Health, Dental, and Vision Insurance

Enrollment Form

Please use the 2025 Enrollment Form to elect, change, or decline insurance coverage for medical, dental, vision, Flexible Spending Account (FSA), and Health Savings Account (HSA)

2025 Enrollment Form

Health Insurance

Employees are offered a choice of two medical insurance plans through Blue Cross Blue Shield: HMO Blue New England or Blue Care Elect Saver (PPO). The cost of this benefit is shared between the College and the employee.

Coverage becomes effective on the first of the month following or coincident with the date of hire. Employees may elect individual, employee plus one, or family coverage. The plan covers non-dependent children up to the age of 26.

HMO Blue New England

In general, preventive and medically necessary health care services and supplies are covered when provided or authorized by your network primary care provider (PCP). This plan also covers emergency medical care you may need, even when the care is not provided or authorized by your PCP.

As an HMO member:

  • You must choose a PCP from the Blue Cross Blue Shield network of providers. 
  • In most cases, your network PCP must provide or authorize (provide a referral for) your care. 
  • You pay a co-payment at the time you receive covered health care services.
  • Certain services require an upfront deductible. After you satisfy this annual deductible, those services subject to the deductible are covered in full. Check the Summary of Benefits below for a more detailed list of services subject to the deductible.
  • The deductible for this plan is $1,500 for employee only coverage and $3,000 for family coverage.

Please check the HMO Blue New England Plan Summary of Benefits and Coverage for more information.

If you do not already have a PCP who participates in the Blue Cross Blue Shield Plan network, you may find a doctor here.

Blue Care Elect Saver- PPO (Compatible with Health Savings Account)

As a PPO member:

  • You are not required to choose a PCP. 
  • You can seek covered health services from most licensed providers in or out of the Blue Cross Blue Shield Plan Network
  • No referrals are needed. 
  • This plan is compatible with a Health Savings Account, click here for additional information on HSAs.
  • The deductible for this plan is $2,000 for employee only coverage and $4,000 for family coverage.

Please check the Preferred PPO Blue Saver Summary of Benefits and Coverage for more information.


Blue Cross Blue Shield Resources

Monthly Prescription Refills

 Contact CVS Mail Service Pharmacy via the CVS Customer Care Center or online portal to establish a patient profile, add payment information, and set up auto-refills if applicable.

Mail Service Pharmacy

Contacting Blue Cross Blue Shield

To contact the Blue Cross Blue Shield member services center, call 800.262.2583 or go online to their website here


Dental Insurance

Employees are offered dental insurance through Blue Cross Blue Shield. This is an employee-paid benefit. Coverage becomes effective on the first of the month following or coincident with the date of hire. Employees may elect individual, employee plus one, or family coverage. The plan covers dependent children up to the end of the month in which they turn 26.

The dental plan covers:

  • 100% of preventative services
  • 80% of basic restorative services
  • 50% of major restorative services
  • 100% of orthodontic services up to $1,000 lifetime maximum per individual

There is a $2,000 (per person) annual maximum for all coverages combined. 

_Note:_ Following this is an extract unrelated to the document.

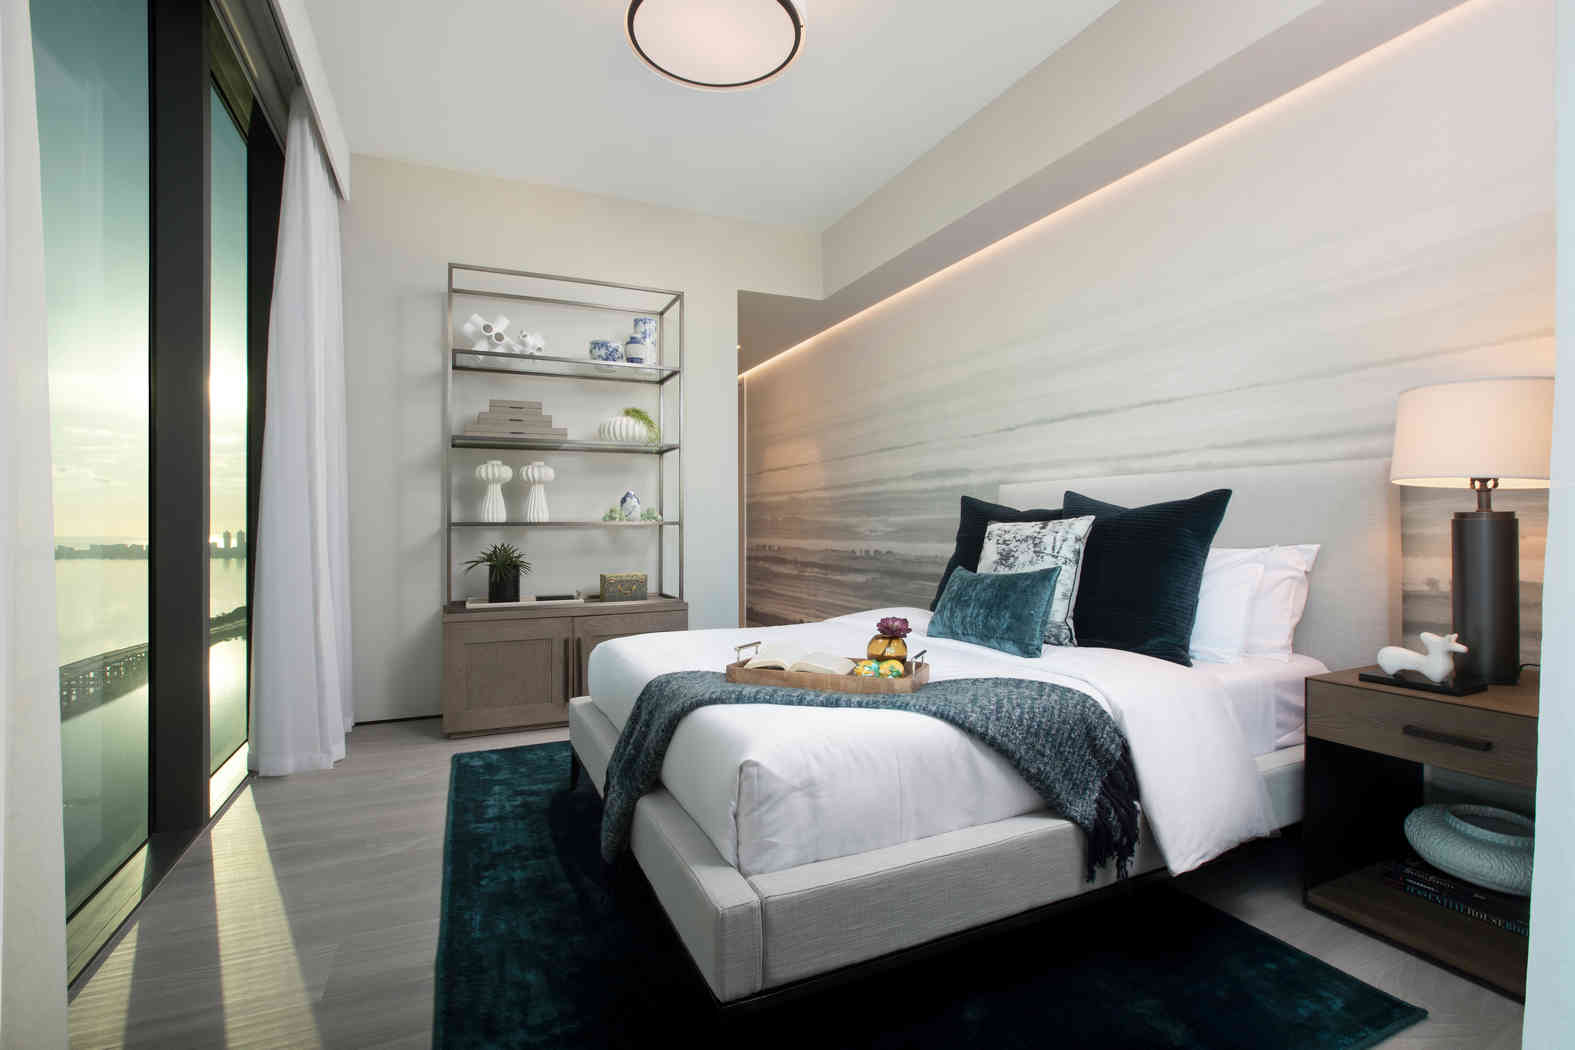 Modern Bedroom Designs - Bedroom Design Inspiration

BCBS Dental Blue Freedom Out of Network Claim Form

For more detailed coverage information, please refer to the Dental Benefits Summary of Benefits.

To contact the BCBS customer service center, call 800.262.2583 or visit their website here.

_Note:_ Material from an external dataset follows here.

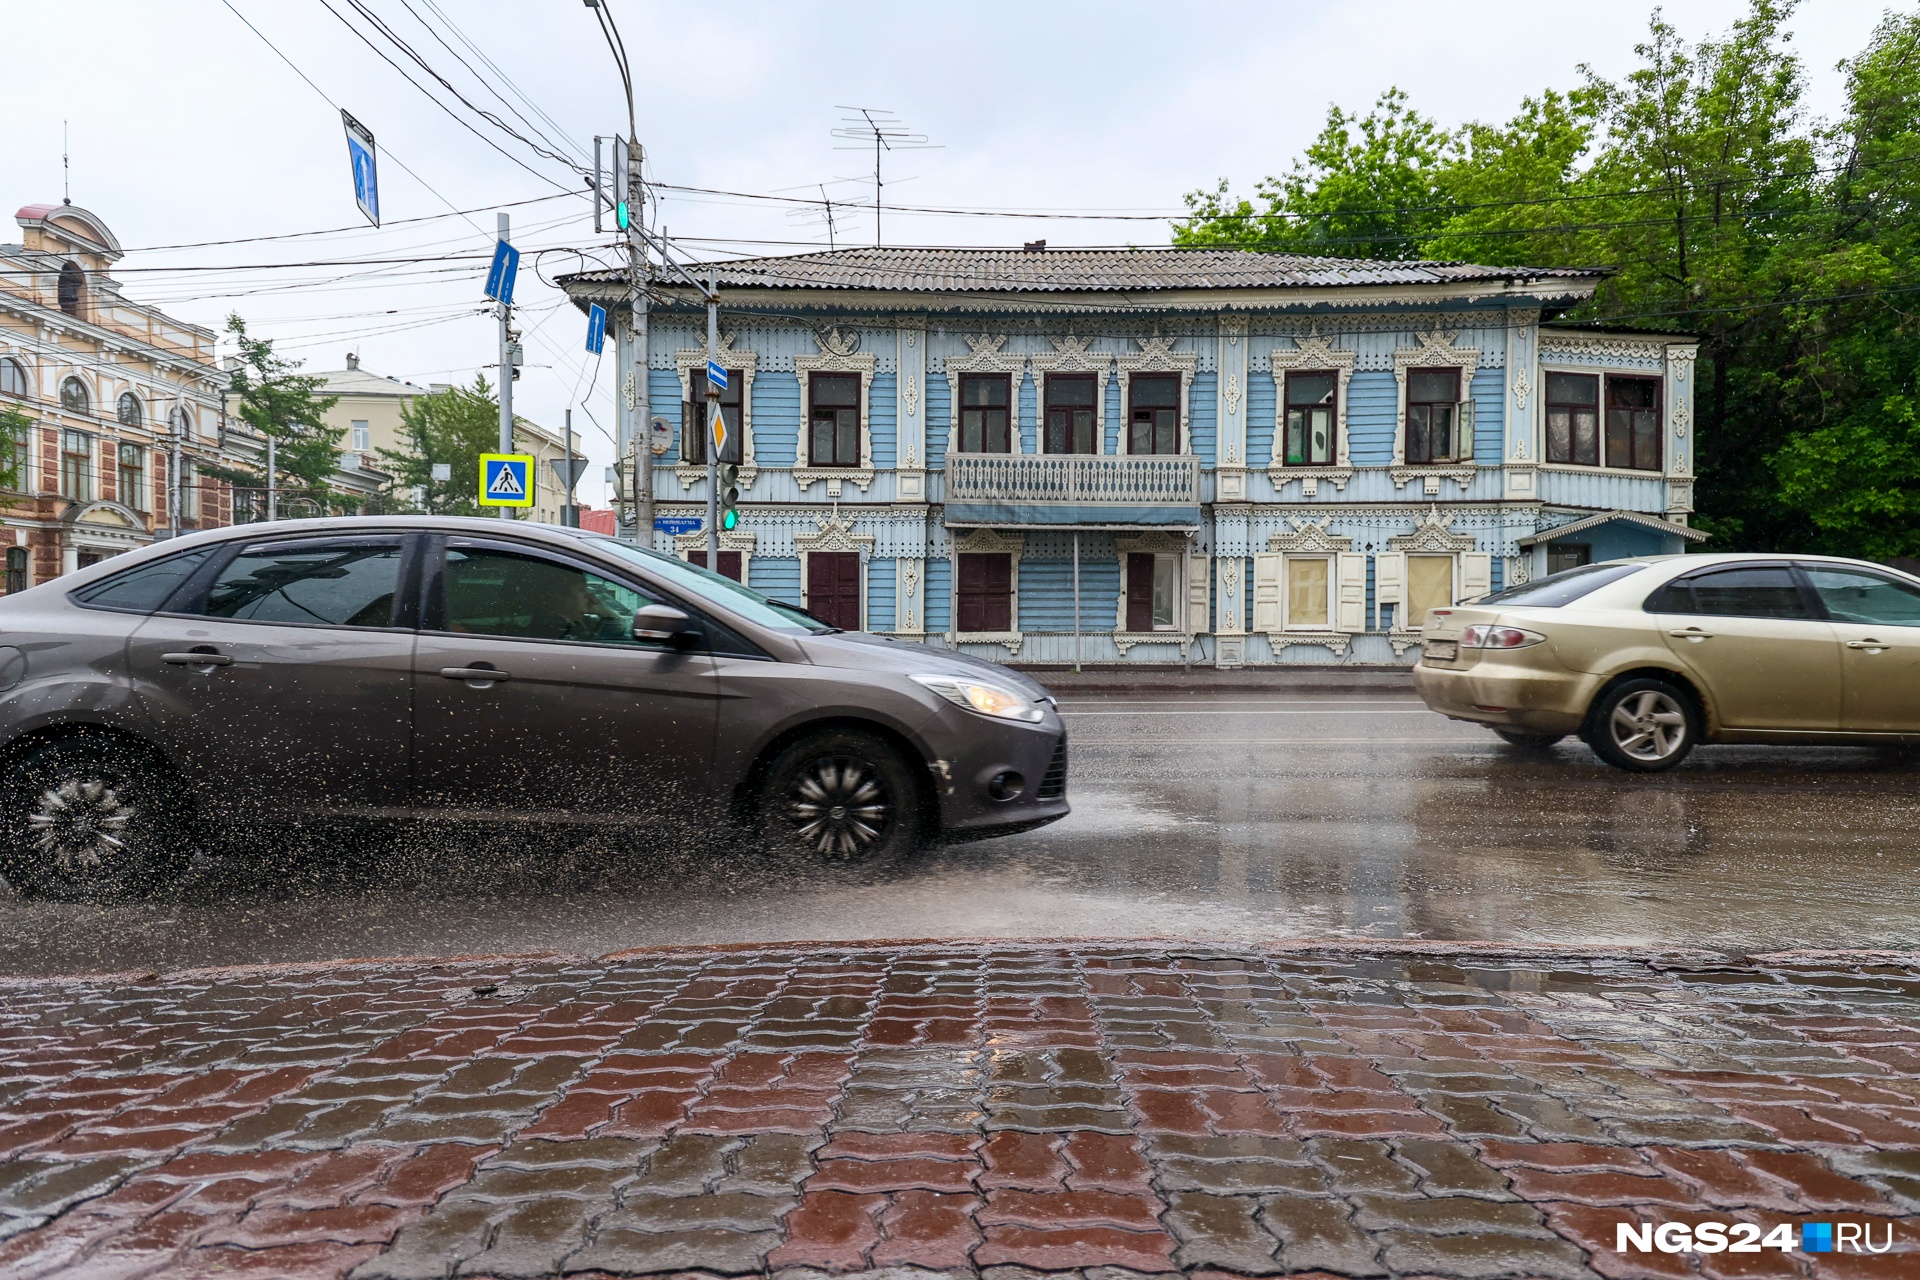 Сколько воды откачали коммунальщики с улиц Красноярска за вчерашний день — в одной картинке

Please note: You can pay for out-of-pocket costs associated with dental work using a Flexible Spending Account.


Vision Insurance

Employees are offered vision insurance through Davis Vision. This is an employee-paid benefit. Coverage becomes effective on the first of the month following or coincident with the date of hire. Employees may elect individual, employee plus one, or family coverage. The plan covers non-dependent children up to the age of 26.

The vision plan covers: 

  • Eye exam once every 12 months 
  • Lenses once every 12 months 
  • Frames once every 24 months
  • Contacts* once every 12 months

 *(in lieu of lenses and frames)

For more detailed information on coverage, please refer to the Vision Benefits Summary and Frequently Asked Questions.

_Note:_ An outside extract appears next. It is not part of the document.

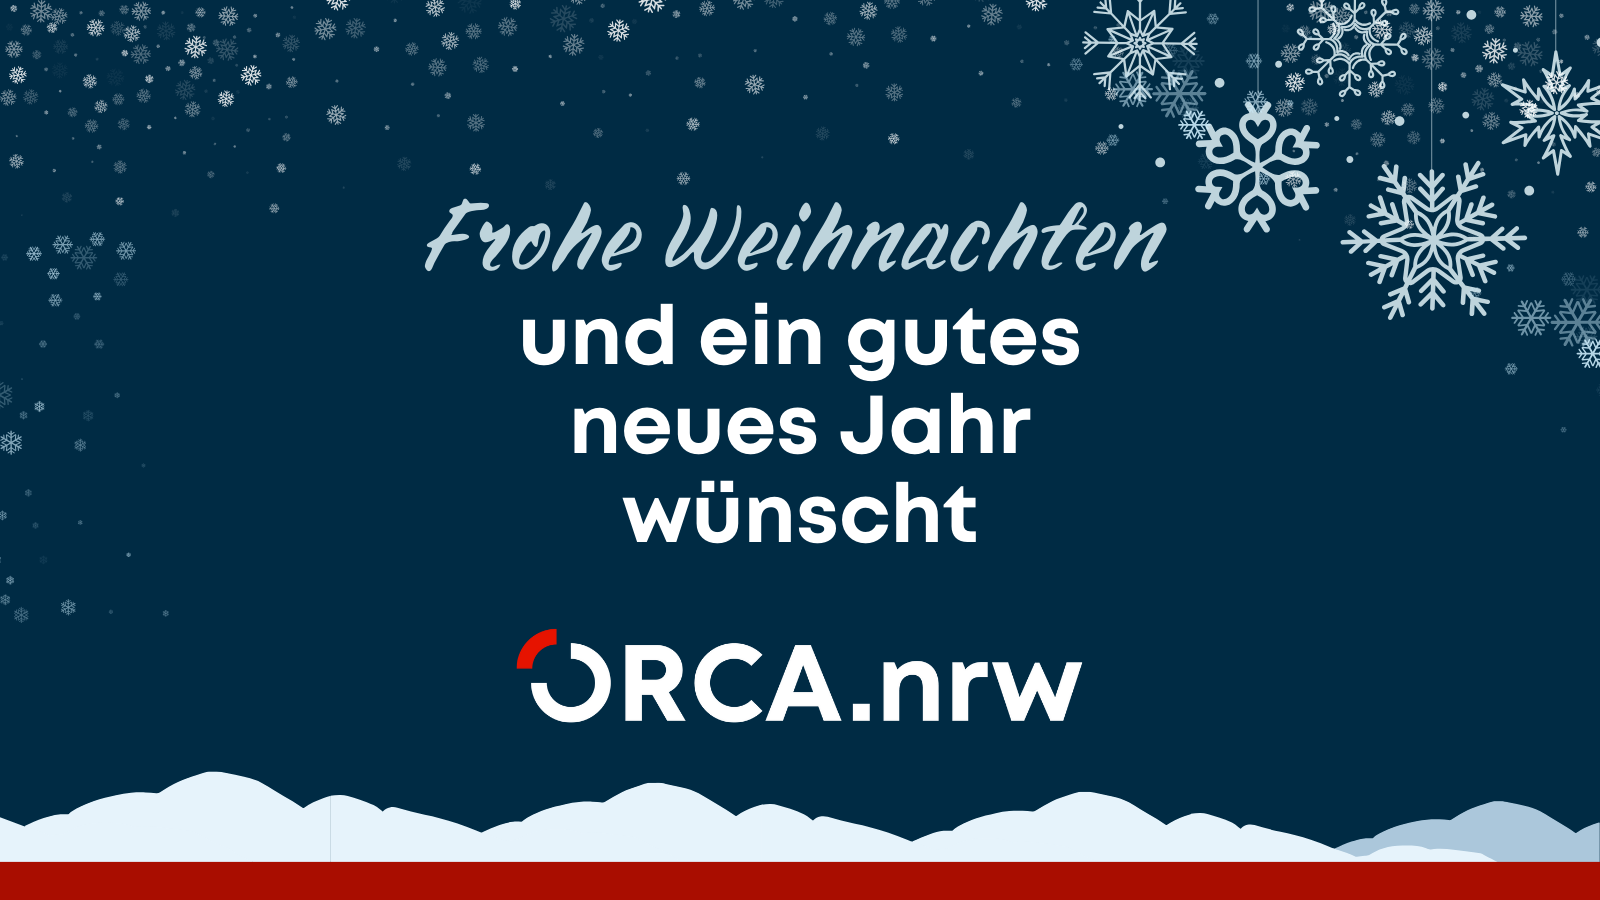 Frohe Weihnachten und ein gutes neues Jahr wünscht ORCA.nrw

For a list of covered providers in your area, select your county ( Franklin, Hampden, Hampshire, Worcester ) or search for a provider on their website.

For reimbursement for an out of network claim for Davis Vision, please complete the Out of Network Claim form

To contact Davis Vision customer service, call 1.800.999.5431 or visit their website here.

This website is intended as a general overview of Hampshire College benefits plans only. Every effort has been made to summarize these programs accurately. In all cases, the actual provisions of each benefit plan will govern if there is any inconsistency between this site and Hampshire's formal plans or contracts.